AIR MAX Dn
新しく開発されたダイナミックエアユニット搭載のAIR MAX Dnが登場するという事で、いち早く実際に履き試し感想をこのコラムに書こうと考え…2月24日の早朝よりSupremeの店頭入店順抽選に臨むも取得した番号が呼び出しされる前に完売となり、あえなくその計画は頓挫しました。

※寒空のもと3時間近く立ったまま並び、その後2時間ほどの待機は老体には酷というか無謀な試みだという事を痛感(苦笑)。

今年のAIR MAX DAYは制定されてから10周年らしく…3月のこのタイミングで書くに相応しいのはやはりAIR MAXの事。

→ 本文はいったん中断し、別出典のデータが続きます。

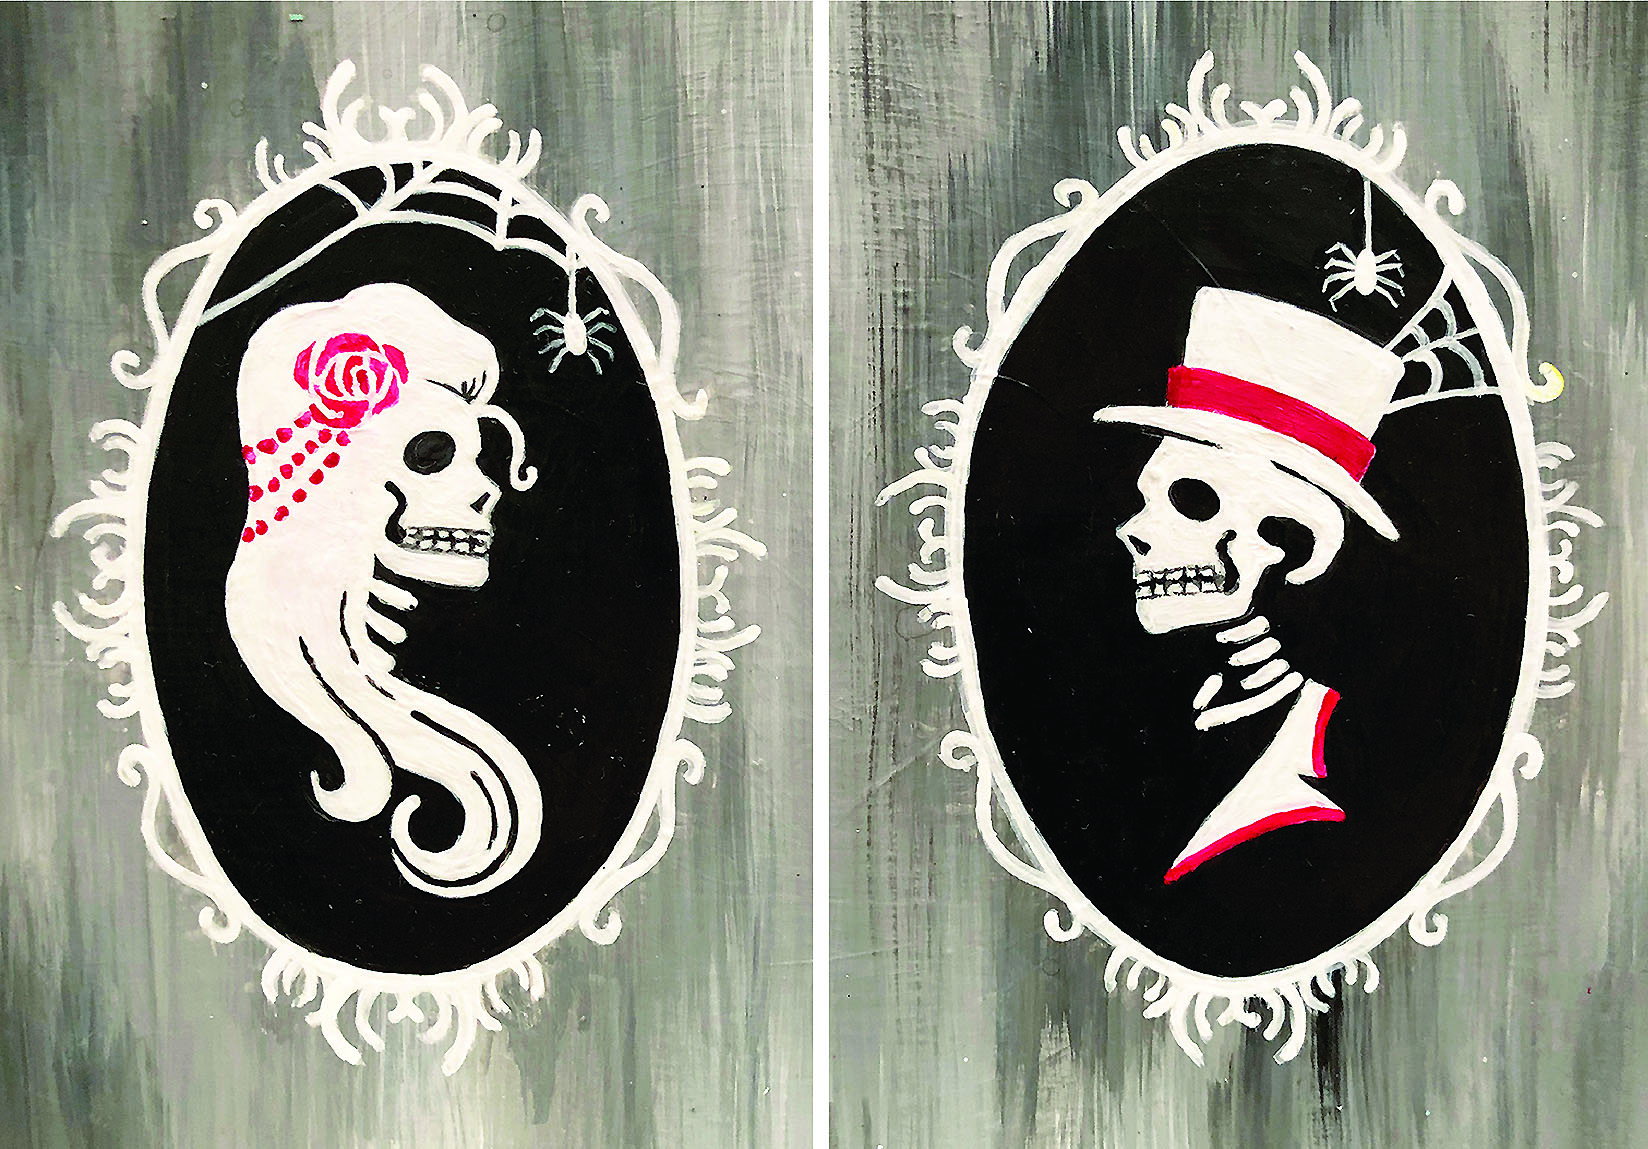 A Rosa and Juan Skull Cameos Partner Painting experience project by Yaymaker

かと言って今更AIR MAX狩り等という既に擦り過ぎられた話題は些かうんざりでしょうから、ギュッと焦点を絞ってナイキエアについてほんの少し触れたいと思います。
◼エアバッグ -気体の変遷-
エアマックス通と言われる方なら誰もが知っていて当然の事ですが、現在のナイキエアバッグの中には窒素が入っています。
ですが、初めてエアクッショニング機能を搭載した1978年発売のAIR TAILWINDから1989年までのほとんどのエア搭載プロダクトのソールにはフロン系ガスのFreon 116(ヘキサフルオロエタン)が使用されていました。
そして、Freon 116の生産終了によって1989年からはSF6(六フッ化硫黄)ガスにシフトする事になります。
しかし、1997年に京都で開催された国連気候変動枠組条約第3回締約国会議(COP3)で採択された先進国の温室効果ガス排出量削減が各国ごとに設定された事を受け、ナイキはブランドとしての責務を果たすべく地球温暖化に影響があるとされるSF6の使用を段階的に削減し終わらせる方針を固めます。ブランドとしてSF6使用を段階的に削減しつつ、新たなエアテクノロジーの開発に着手し始めたのです。

しかしながら、SF6の使用を前提に成立していたテクノロジーを改変し、既存のプロダクトに採用されているエアの形状や感触、その機能を維持するのは容易なことではなく…当初の予定より更に約6年の歳月を費やし、試行錯誤を重ねて2006年にようやく窒素によるエアユニットを搭載したAIR MAX 360を登場させました(余談ですが、AIR MAX 360は2006年1月21日午前0時より世界のどの都市よりも早く日本で発売となりました)。
この事から、1999年以降2005年までエアユニットの進化が停滞したのは、SF6から窒素にシフトした新ナイキエアユニットの開発に時間を要した事が要因したと推測できます。

また、この窒素を使用した環境に優しいテクノロジー開発の努力は、同時に新しいエアのデザイン(形)や履き心地を追求する可能性を広げ…AIR MAX 360に採用された360度フルレングスビジブルエアユニットで具現化され、2017年のAIR VAPORMAXにも反映されています。
◼AIR MAX Dn

オフィシャルアナウンスがないので100%正確ではないものの、AIR MAX Dnのデュアルプレッシャーチューブを採用したダイナミックエアユニットにも窒素が使われていると思ってまず間違いないでしょう。
AIR MAX Dnに搭載されているダイナミックエアの特徴は、非現実的とも言える快適さに加えスムーズなストライド、跳ね上がる様な反発性を実現するために設計された新しいデュアルチャンバーと4つのチューブ型ナイキエアユニットで構築されています。
デュアルプレッシャーのエアユニットは、それぞれ2つのチューブを備えた2つの加圧チャンバーで構成され、背面2つのチューブ (15psi)のより高い圧力と前面2つのチューブ(5psi)の低い圧力で調整されています。
走行や歩行で体重移動すると各チャンバーのチューブ間をエア(窒素)が自由に流れ、ステップの移動中に起こる圧力の動きに反応して滑らかな履き心地と着地感を足裏に感じる事が出来ます。

デザインや上記の様なニュータイプのエアユニットを搭載しているという事に加え、エアバッグ内の気体がFreon 116からSF6、そしてテクノロジーの進化と改良によって窒素へとシフトされたナイキエアの歴史を踏まえた上で、最新のAIR MAX Dnを履いてみてください。
きっと、ナイキエアの真髄をより深く捉える事が出来るはずです。
※ナイキ社に取材したわけではないので時期〈年代)的なものに若干の差異はあるかと思いますが…エアの変遷については概ね以上の様な理解で間違いないかと存じます。